God Tells Jokes on The Way to President Xiomara Castro's Inauguration

I was sitting in Juan Miguel’s living room in Denton, Texas when the news came on the television.  I was in graduate school pursuing studies in ecofeminism at Texas Woman’s University at the time.  A few weeks prior I had received an invitation from Sacramento Labor Council Secretary Bill Camp to join him in Honduras.  I couldn’t go because of school, and I wish I could have been there to lend my voice in protest.



Reports meandered in that the Honduran military had kidnapped then President Manuel Zelaya from his home in his pajamas in the middle of the night in an illegal coup d’état.  The Republic of Honduras had in that moment rejoined the ranks of military juntas running nations left developing by the world’s superrich.  Things could have been different over the last twelve years, but in that moment, when Honduras needed the United States to call foul play, then President Obama did not.  Instead of standing up for democracy, Obama neglected to call the military takeover a coup.  Had Obama used the term “coup” then the United States would not have been able to continue business as usual in the original “banana republic.”  I was not able to be in Tegucigalpa in 2009 to protest “el golpe del estado,” but I made it in time to celebrate the end of it.

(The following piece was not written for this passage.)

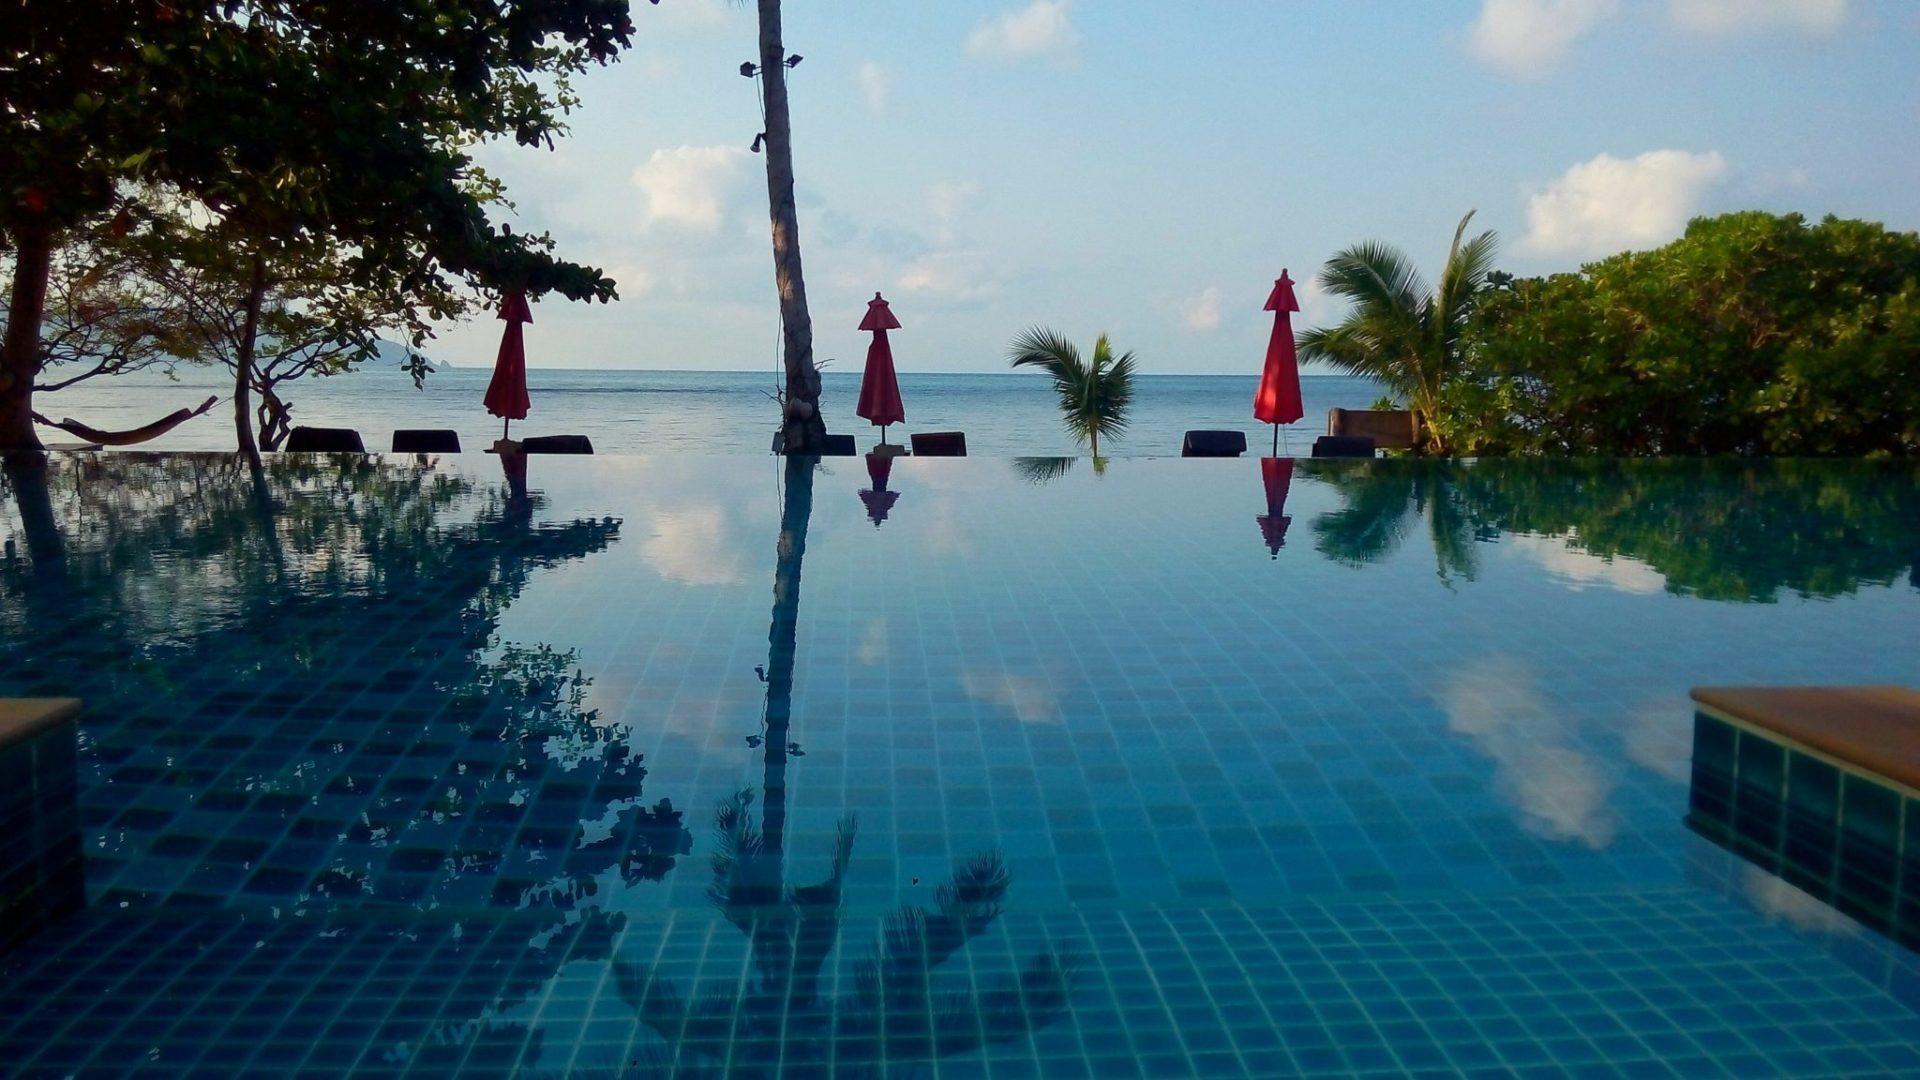 Thailand beaches, best islands in Thailand

The Obama Administration under Secretary of State Hillary Clinton allowed the coup to take place and then elections to be held by the coup government so that democracy appeared to have taken place.  It didn’t.  Pepe Lobo (I do not use the term “President” with the illegal government.) gained power as Honduras had become the murder capital of the world.  Almost overnight, Honduras became a lawless den for corruption and crime to fester like a wound left unclean.  Environmentalists who stood in the way of mines and power plants were murdered.  The journalists who tried to tell the story were left for dead.  Police who tried to do the right thing were removed from power and their families threatened.  The land of small farmers and indigenous groups was stolen.  Men, women, and children faced consequences unknown at the prospect of not being able to pay gang members for the right to walk down the street.  Every aspect of life became more difficult due to the corruption.  People’s close friends got rich finding the price at which they were willing to sell their morals while the rest of the country either tried to survive in the worst of times or fled for the U.S. border.  Obama and Clinton didn’t sit by and do nothing.  The Honduran people would have been better off if they had.  The United States not only supported the overthrow of the Honduran government in 2009, they have been arming its illegitimate government ever since!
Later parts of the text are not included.